According to John G. Hines, who led the study:

"Despite the fact that the U.S. had repeatedly and publicly declared its nuclear strategy to be based on deterrence, virtually all interview subjects stressed that they perceived the U.S. to be preparing for a first strike…. In addition, in PD-59 the Soviets saw a deliberate policy for launching a surprise, decapitating first strike against the Soviet leadership. The Soviets found this policy, backed up in the early 1980s by the technical capability to execute it, extremely threatening, especially in light of the pervasive memory of the June 1941 surprise attack, an experience which colored all Soviet strategic planning throughout the Cold War period."

We don’t know all the ways the Soviet leadership reacted. But the years after PD-59 was signed were among the most tense of the Cold War, including the very dicey autumn "war scare" of 1983.

Feeling vulnerable, one thing the Soviet leaders did was to build a quasi-automatic system that could launch all their land-based nuclear missiles in a retaliatory strike in the event the leadership was decapitated. This system, known formally at Perimeter and informally as the Dead Hand, was not fully automatic — the Soviets saw the dangers in that — but it was partially automated, with the final decisions being left in the hand of a few duty officers deep in an underground bunker. How those duty officers would react at a time of nuclear war has always been a matter of speculation and uncertainty. The Dead Hand system was put on combat duty in early 1985, just as Mikhail Gorbachev came to power.

It is not known precisely what role PD-59 played in stoking Soviet anxiety about decapitation in 1980. (There were other reasons they might have been worried, including the growing accuracy of U.S. weapons that could strike Soviet command and control centers with little warning.) But the overall message that the leadership was in the crosshairs was well received. Hines interviewed Gen.-Col. (ret.) Varfolomei Korobushin, the former deputy chief of staff of the Soviet Strategic Rocket Forces. Korobushin played an important role in building the Dead Hand system. When Hines asked him if PD-59 had influenced the Soviet general staff’s perceptions, the general answered by immediately associating PD-59 with decapitation. He said:

"Yes, but your PD-59 would have been futile. Right now we have a system in place which would automatically launch all missiles remaining in our arsenal even if every nuclear command center and all of our leaders were destroyed."

Carter’s directive was part of an internal U.S. planning process, and there’s no doubt such a process was necessary. But the decision to provide some salient details to the Soviet leaders may have had consequences that were not fully understood at the time. Soviet paranoia about a U.S. first strike was already running very deep in the 1970s–but did the U.S. policy-makers know how deep? By sending signals on PD-59, did they cause the Soviets to grow even more worried about decapitation?
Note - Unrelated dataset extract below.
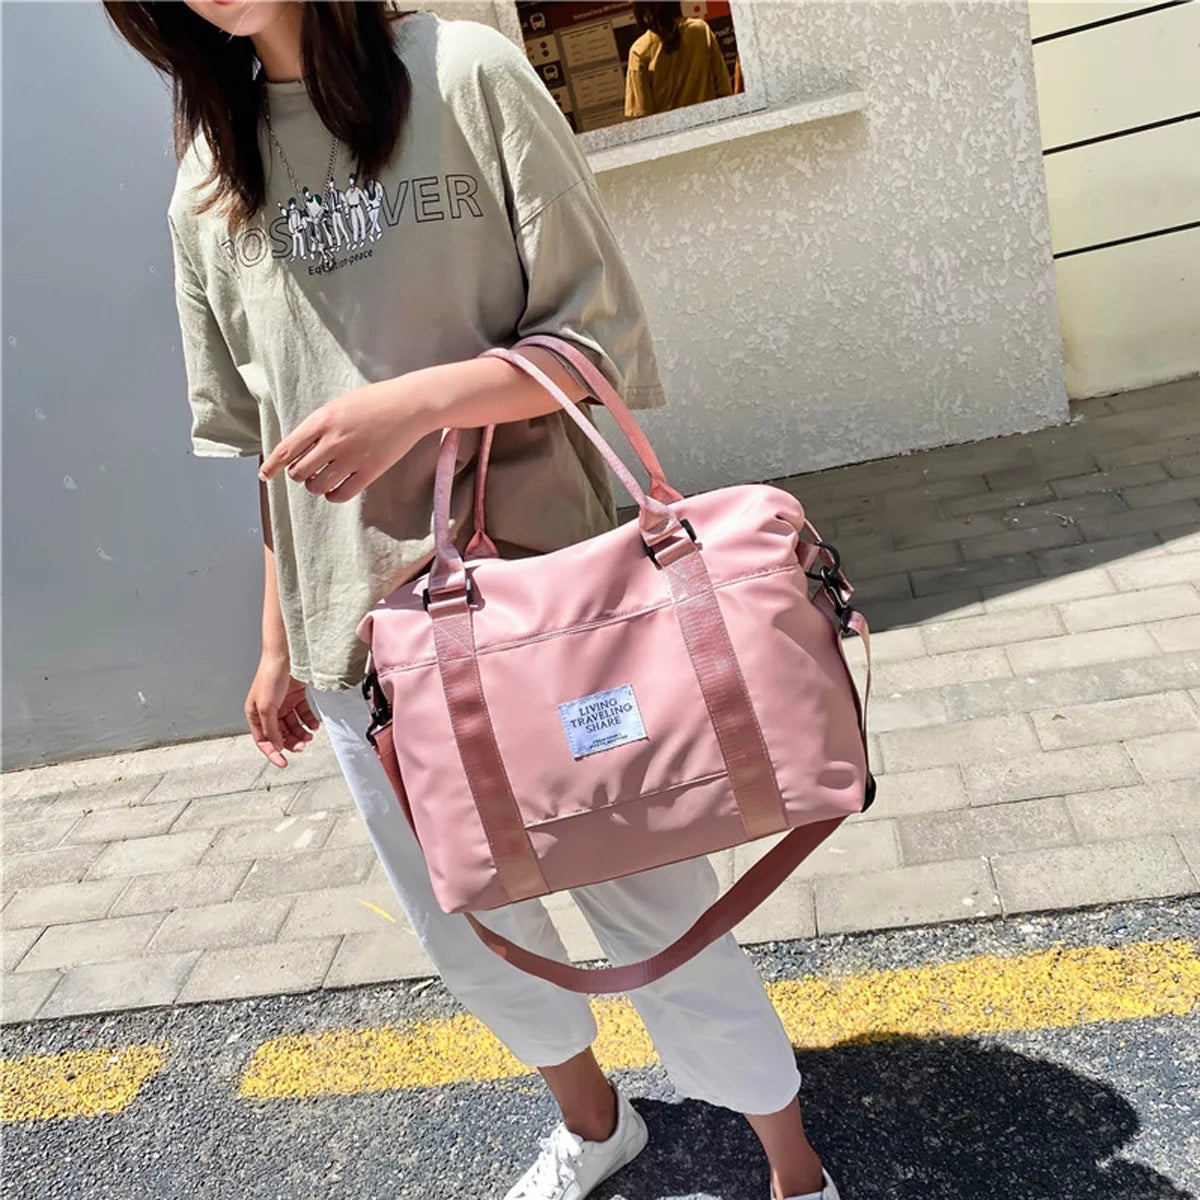 Travel Duffel Bag Sports Tote Gym Bag Shoulder Weekender Overnight Bag for Women Gym Accessories for Women

Oddly, the Dead Hand system was kept secret from the United States, and only came to light at the end of the Cold War. This made it even more dangerous. As I pointed out in my book, The Dead Hand:

"If the Americans had known of Perimeter–if they realized that decapitation of the Kremlin would trigger near-automatic retaliation–it might have given them pause. It might have been a deterrent. But in the peculiar dark world of the arms race, the Soviets treated the Perimeter
project as super-secret, and tried to mask what they had invented."

The lesson for today’s confrontations: an adversary does not always see the world the same way we do. It is important to grasp how they are thinking, and not just by reading the headlines. One question that we might ask about Iran, for example, is this: what conclusions are they drawing from all the threats of an attack on their nuclear facilities? What signals are they getting, and what miscalculations might be afoot? We knew very little about the deliberations of Kremlin leaders in the late 1970s and early 1980s. Do we know more about what Iran’s leaders are pondering today?